As I have warranty support for this pc, I contacted them about this and described the issues. They sent out a new GPU, which worked correctly for about a week before the crashes returned with increasing frequency.

I have read on several forum posts that XFX factory overclocks their cards but does not change the max power limit to match, suggesting increasing the max power limit and changing clock speeds. I have tried decreasing memory clock speed and main clock speed and increasing power limit in the AMD adrenaline section, crashes keep hapenning. Additionally, the settings do not seem to save after a restart. However, a quick browse on the web shows that its not uncommon.

Something to also not which may be unconnected, input is lost briefly when I plug and unplug certain devices from the mains. These tend to be speakers, I’ve read that its quite likely that cheap HDMI cables that aren’t properly shielded suffer from interference such as this.

My thoughts:

Drivers seem to be poking the hardware somehow, I initially thought that it reflashed the vbios but that is not correct. That would mean that the hardware is somehow resetting/corrupting whatever was poked by the driver reinstall.

A malfunctioning component of the system is damaging the GPU, in my opinion this would be the power supply.

Any thoughts or further diagnostics would be welcome, I would like to try and get all bases covered to try and work out what the hell is going on before the whole unit is sent to the warranty company.

Many thanks,
GoldSloth

The VIDEO_TDR_FAILURE bug check has a value of 0x00000116. This indicates that an attempt to reset the display driver and recover from a timeout failed.

atikmpag.sys - Welcome to the world of AMD reset bugs.

Not long enough, leave it overnight and be sure to enable multicore testing.

1 Like

The PCIe slot might be dodgy. Have you tried dropping the card one slot.

With random shut downs, a failing power supply is another consideration.

Thank you for your replies

I’ll try running memtest overnight, hopefully it won’t crash during that time!

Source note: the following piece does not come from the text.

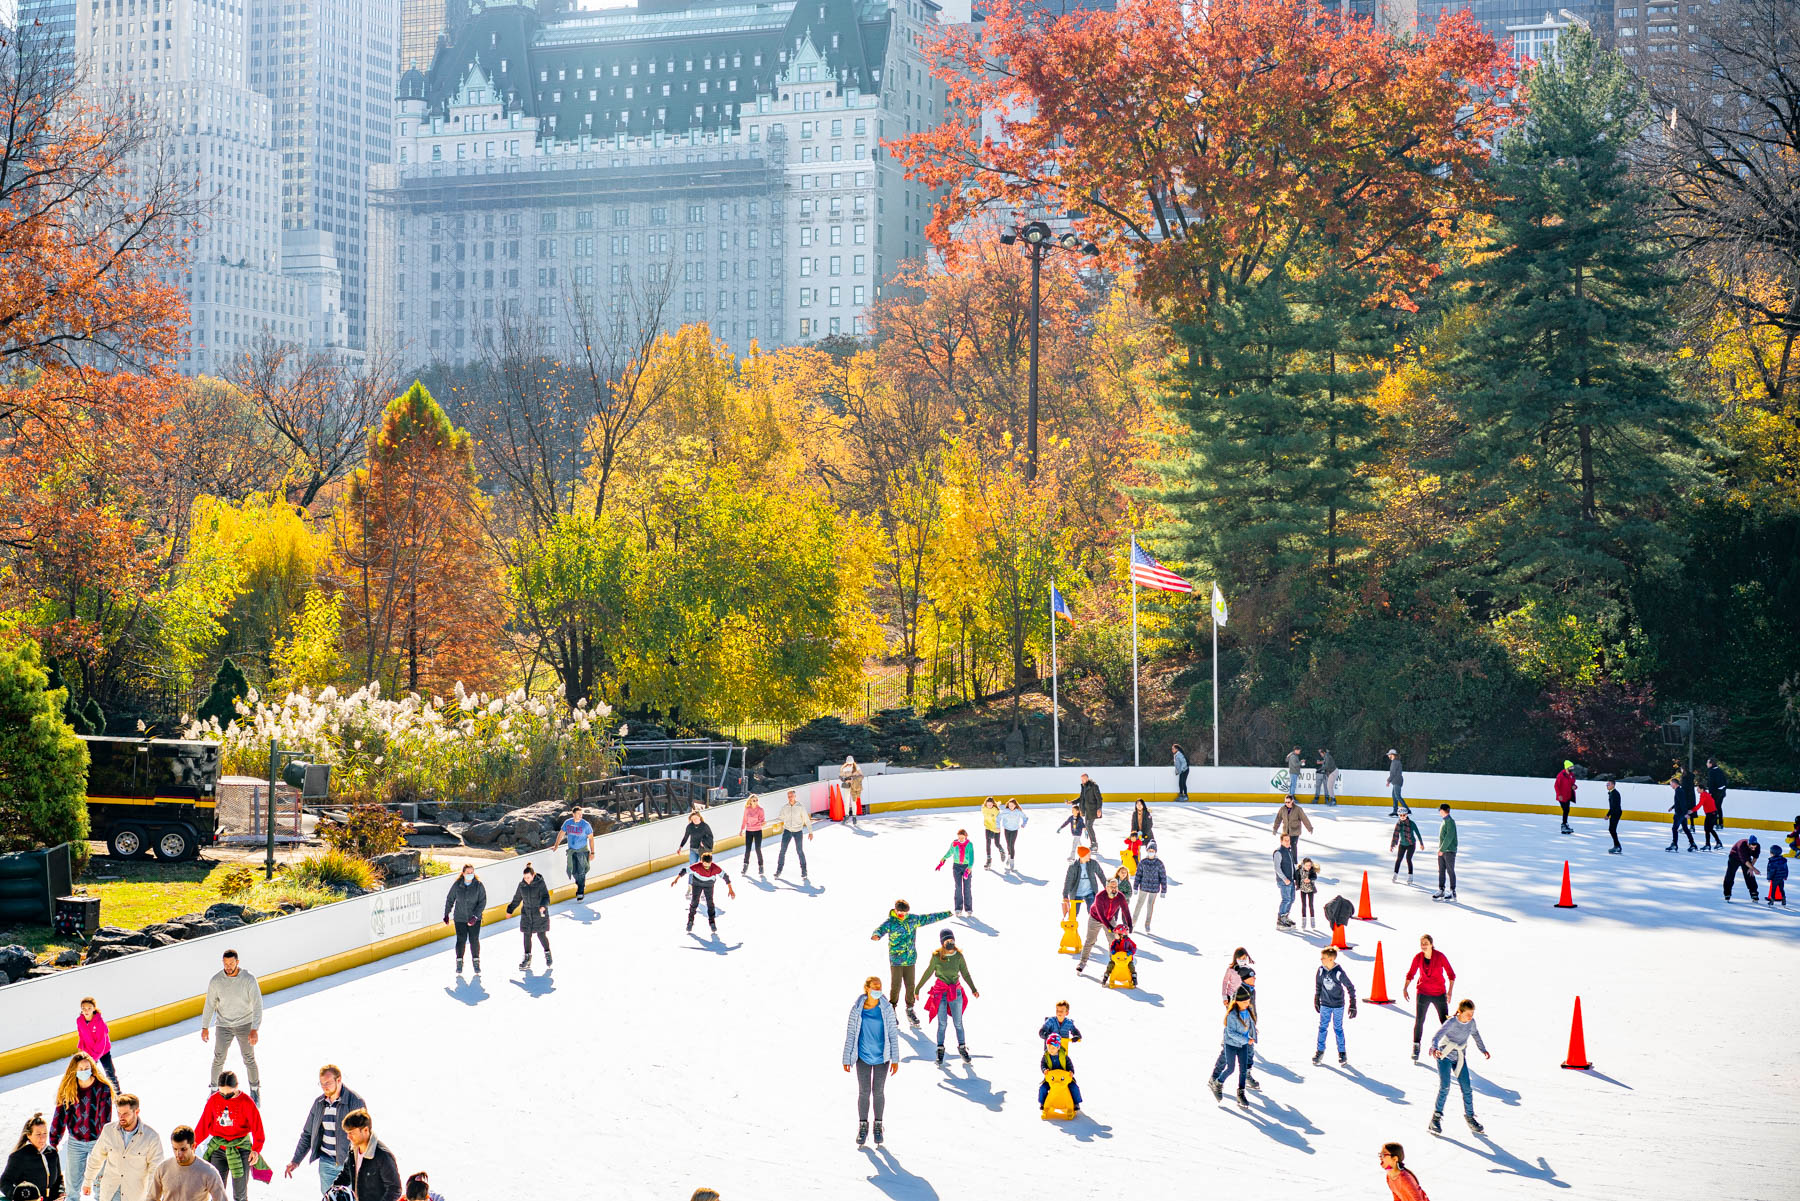 Best ice skating rinks New York City, when to visit New York City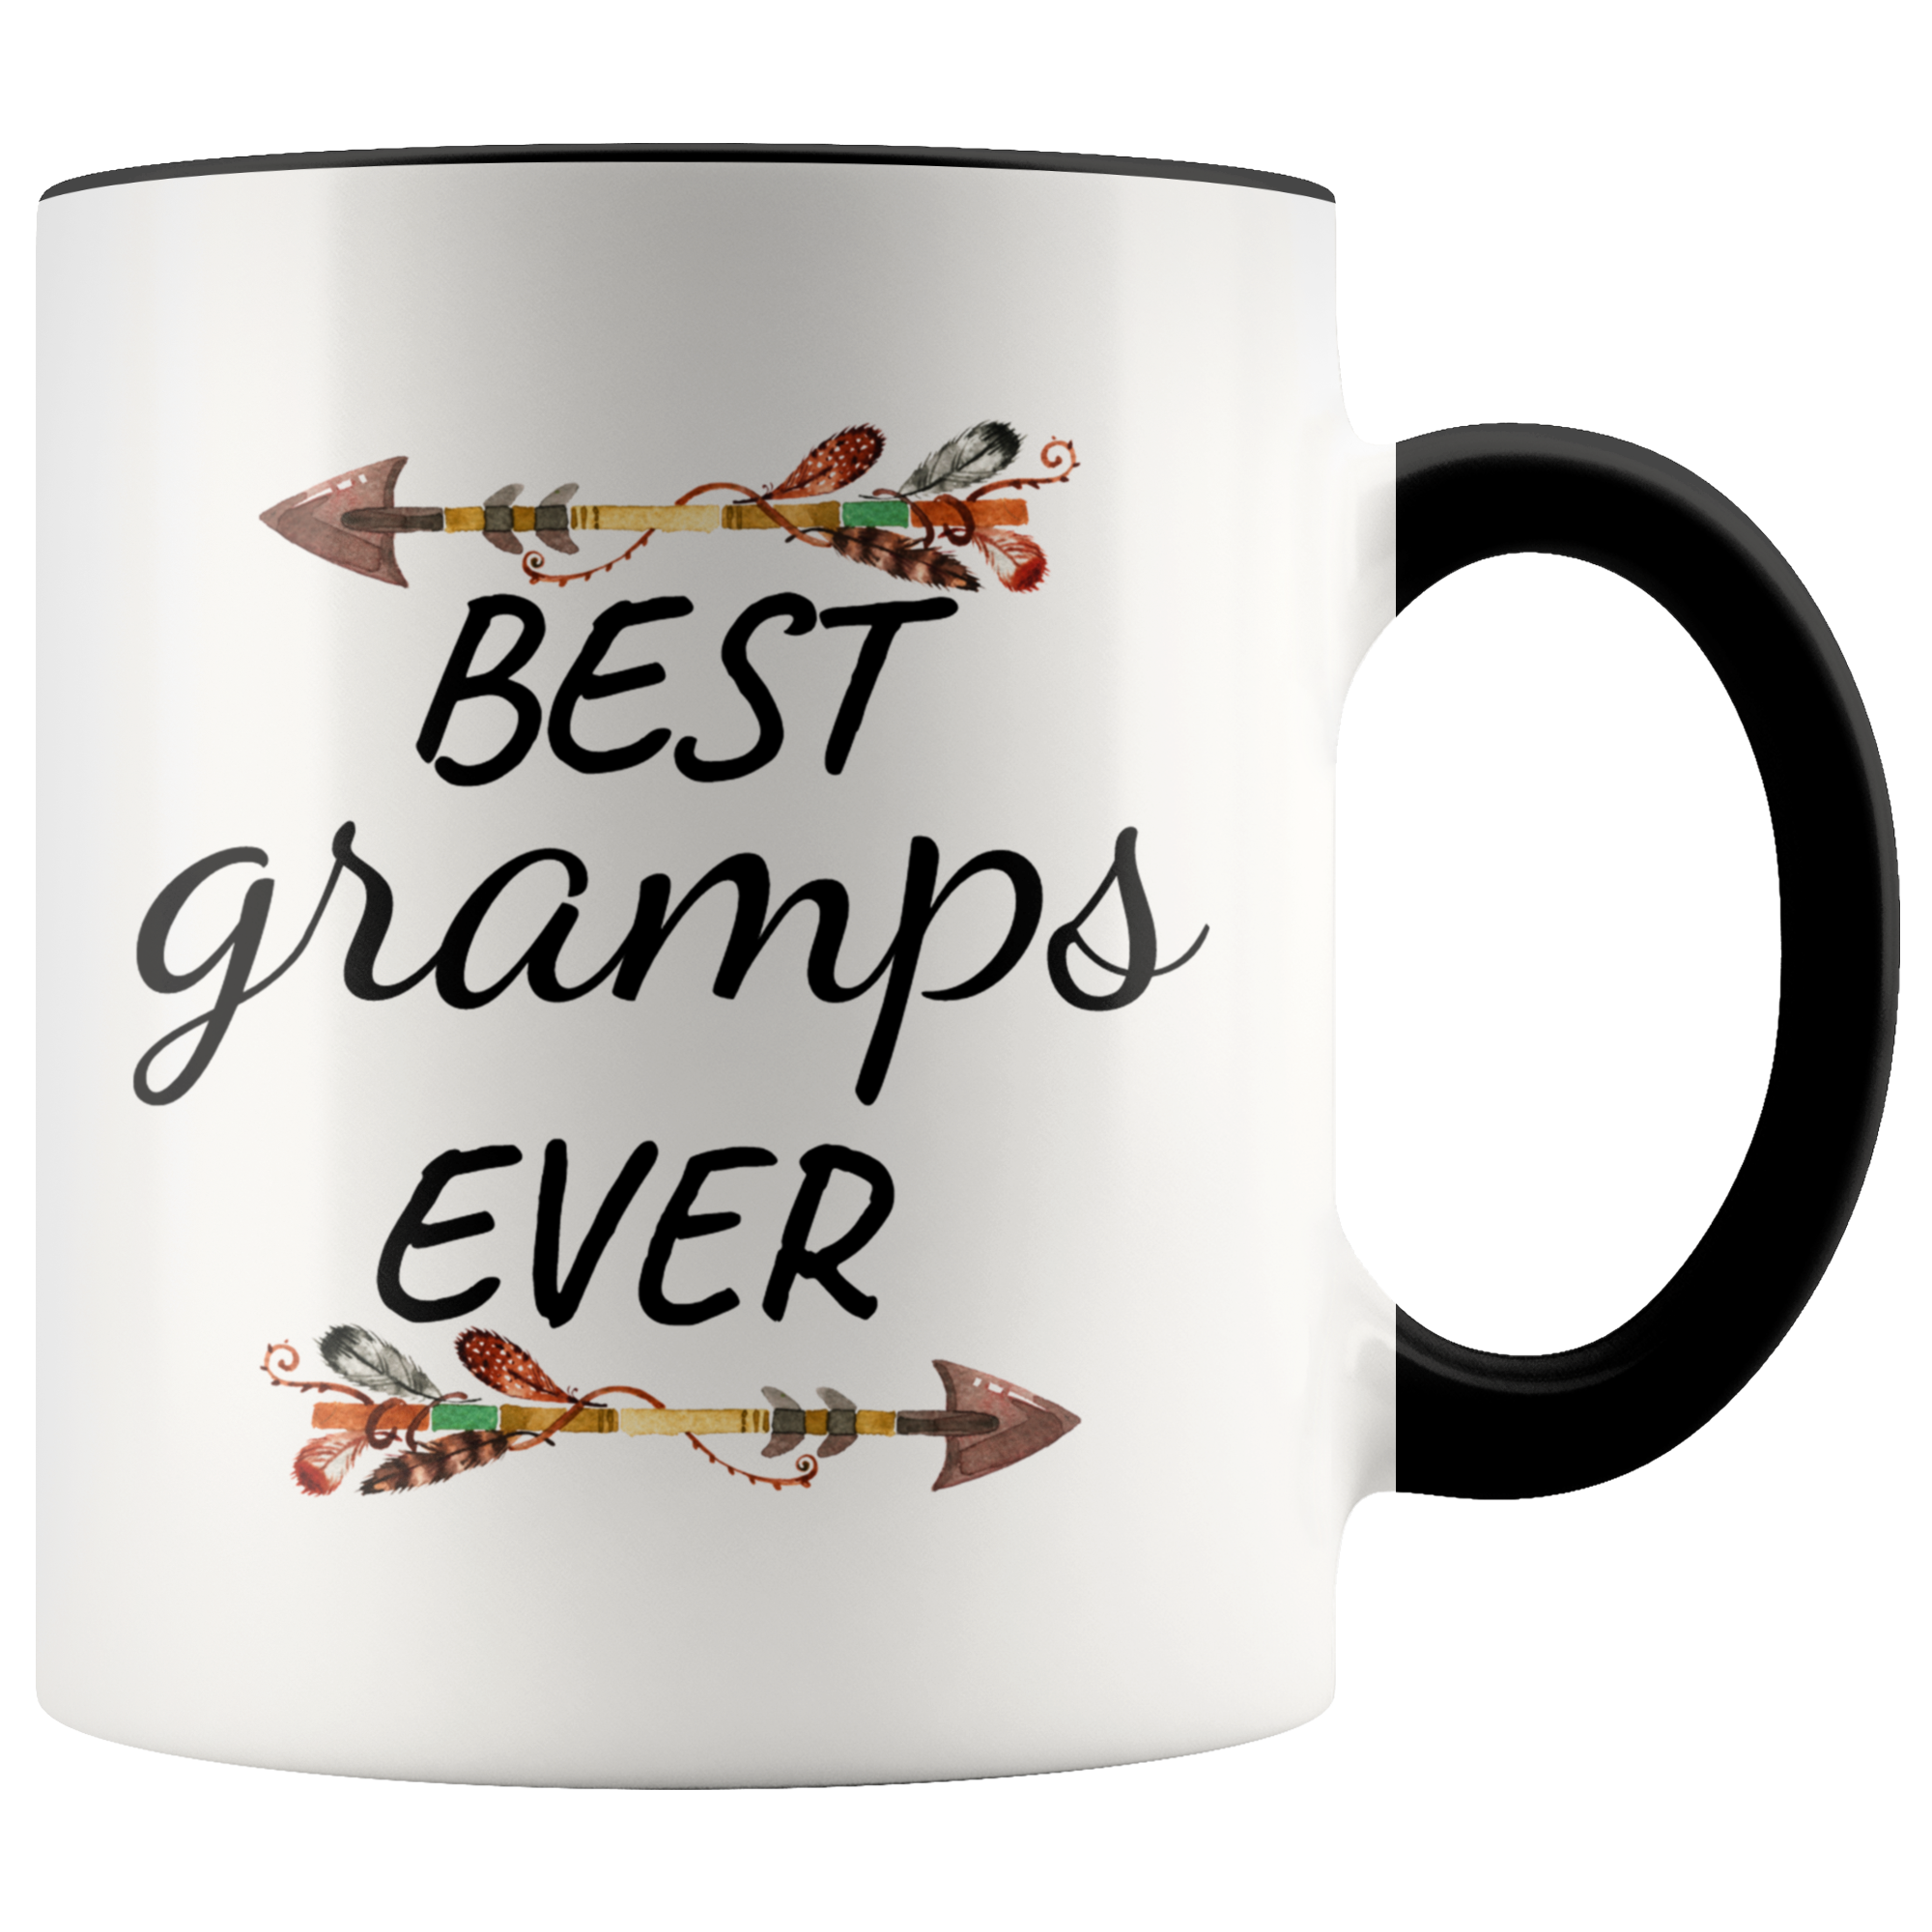 Best Gramps Mug

Unfortunately I can’t run the GPU in the other slot, the case basement gets in the way, as does SATA connectors e.t.c and I don’t have any PCI risers.

It could be the PSU frying them, that’s a possibility. If so, is there any way I can check this out?

1 Like

Knock on wood I haven’t had these kinds of issues for years :smiley:

I’d try: another PSU, another motherboard, another processor (since it’s got all the controllers built in, it’s rare but processors do come faulty :confused: ) and maybe the RAM, in that order…

Unless someone has had the same exact experience and figured out the problem, it’s about the only way to get to the component at fault… Unless you return everything and get a completely new machine

I had similar weird GPU failures with a Ryzen 3900, Ubuntu Linux and a Vega 56 when I was running RAM at 3,600 MHz. Dropping it to 2,400 made all the problems go away.

On that system Memtest never found any problems but it would still consistently fail with memory errors when doing 24 thread C++ or Rust compile jobs.

I didn’t get around to trying it but others told me that going to manual settings on RAM worked better than using XMP/DOCP.

I’m just using ECC RAM at 2,666 MHz at the moment.

Thank you zlynx and jotm for your replies,
I’ll try changing RAM settings a bit, If that doesn’t work then I’ll try and send it off to the warranty repair company.

Got yet another replacement. A few months ago, so far so good.
It seems that these issues are very common, from what the warranty guys said.

This topic was automatically closed 273 days after the last reply. New replies are no longer allowed.